▶ _Your objective_:
Report every line of the material that contains the string "Mitteltisch".
====
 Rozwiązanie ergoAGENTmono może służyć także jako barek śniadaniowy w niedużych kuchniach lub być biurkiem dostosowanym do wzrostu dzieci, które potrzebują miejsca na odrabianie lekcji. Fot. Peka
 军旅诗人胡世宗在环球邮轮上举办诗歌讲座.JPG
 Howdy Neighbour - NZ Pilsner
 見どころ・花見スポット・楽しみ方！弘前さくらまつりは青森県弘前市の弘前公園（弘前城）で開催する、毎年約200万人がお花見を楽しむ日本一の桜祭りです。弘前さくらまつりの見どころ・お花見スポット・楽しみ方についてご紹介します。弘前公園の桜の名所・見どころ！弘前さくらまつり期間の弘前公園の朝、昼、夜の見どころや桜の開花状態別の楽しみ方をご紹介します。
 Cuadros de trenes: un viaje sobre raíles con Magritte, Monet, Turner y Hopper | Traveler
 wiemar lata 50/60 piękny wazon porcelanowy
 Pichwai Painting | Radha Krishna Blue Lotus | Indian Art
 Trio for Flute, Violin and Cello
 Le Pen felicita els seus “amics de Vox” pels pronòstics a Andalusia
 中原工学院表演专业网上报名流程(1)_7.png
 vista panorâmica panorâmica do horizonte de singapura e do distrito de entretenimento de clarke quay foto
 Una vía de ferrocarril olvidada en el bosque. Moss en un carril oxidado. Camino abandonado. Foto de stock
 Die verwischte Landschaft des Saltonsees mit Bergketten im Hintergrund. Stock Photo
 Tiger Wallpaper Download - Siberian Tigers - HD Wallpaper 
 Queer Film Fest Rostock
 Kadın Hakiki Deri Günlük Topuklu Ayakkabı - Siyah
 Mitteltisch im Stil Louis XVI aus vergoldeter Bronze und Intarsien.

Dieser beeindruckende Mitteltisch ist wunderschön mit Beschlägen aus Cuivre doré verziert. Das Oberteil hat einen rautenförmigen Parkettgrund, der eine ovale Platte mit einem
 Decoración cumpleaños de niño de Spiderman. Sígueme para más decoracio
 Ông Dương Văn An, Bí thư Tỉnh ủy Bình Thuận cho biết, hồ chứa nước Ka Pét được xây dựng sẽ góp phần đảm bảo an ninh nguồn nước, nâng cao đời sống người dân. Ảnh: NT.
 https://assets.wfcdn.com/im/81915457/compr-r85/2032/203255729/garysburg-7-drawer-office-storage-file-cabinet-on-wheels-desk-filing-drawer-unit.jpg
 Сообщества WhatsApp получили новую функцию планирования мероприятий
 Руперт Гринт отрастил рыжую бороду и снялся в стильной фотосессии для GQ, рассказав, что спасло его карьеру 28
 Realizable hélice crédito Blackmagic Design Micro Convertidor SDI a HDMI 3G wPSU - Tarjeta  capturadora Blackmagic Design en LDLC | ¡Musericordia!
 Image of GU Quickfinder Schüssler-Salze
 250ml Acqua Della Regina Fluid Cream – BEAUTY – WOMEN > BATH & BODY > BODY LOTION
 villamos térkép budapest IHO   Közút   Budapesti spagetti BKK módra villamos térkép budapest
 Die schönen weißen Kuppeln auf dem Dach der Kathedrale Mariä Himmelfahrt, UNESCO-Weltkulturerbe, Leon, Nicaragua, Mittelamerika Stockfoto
====
▶ _Finished exercise_:
 Mitteltisch im Stil Louis XVI aus vergoldeter Bronze und Intarsien.
Dieser beeindruckende Mitteltisch ist wunderschön mit Beschlägen aus Cuivre doré verziert. Das Oberteil hat einen rautenförmigen Parkettgrund, der eine ovale Platte mit einem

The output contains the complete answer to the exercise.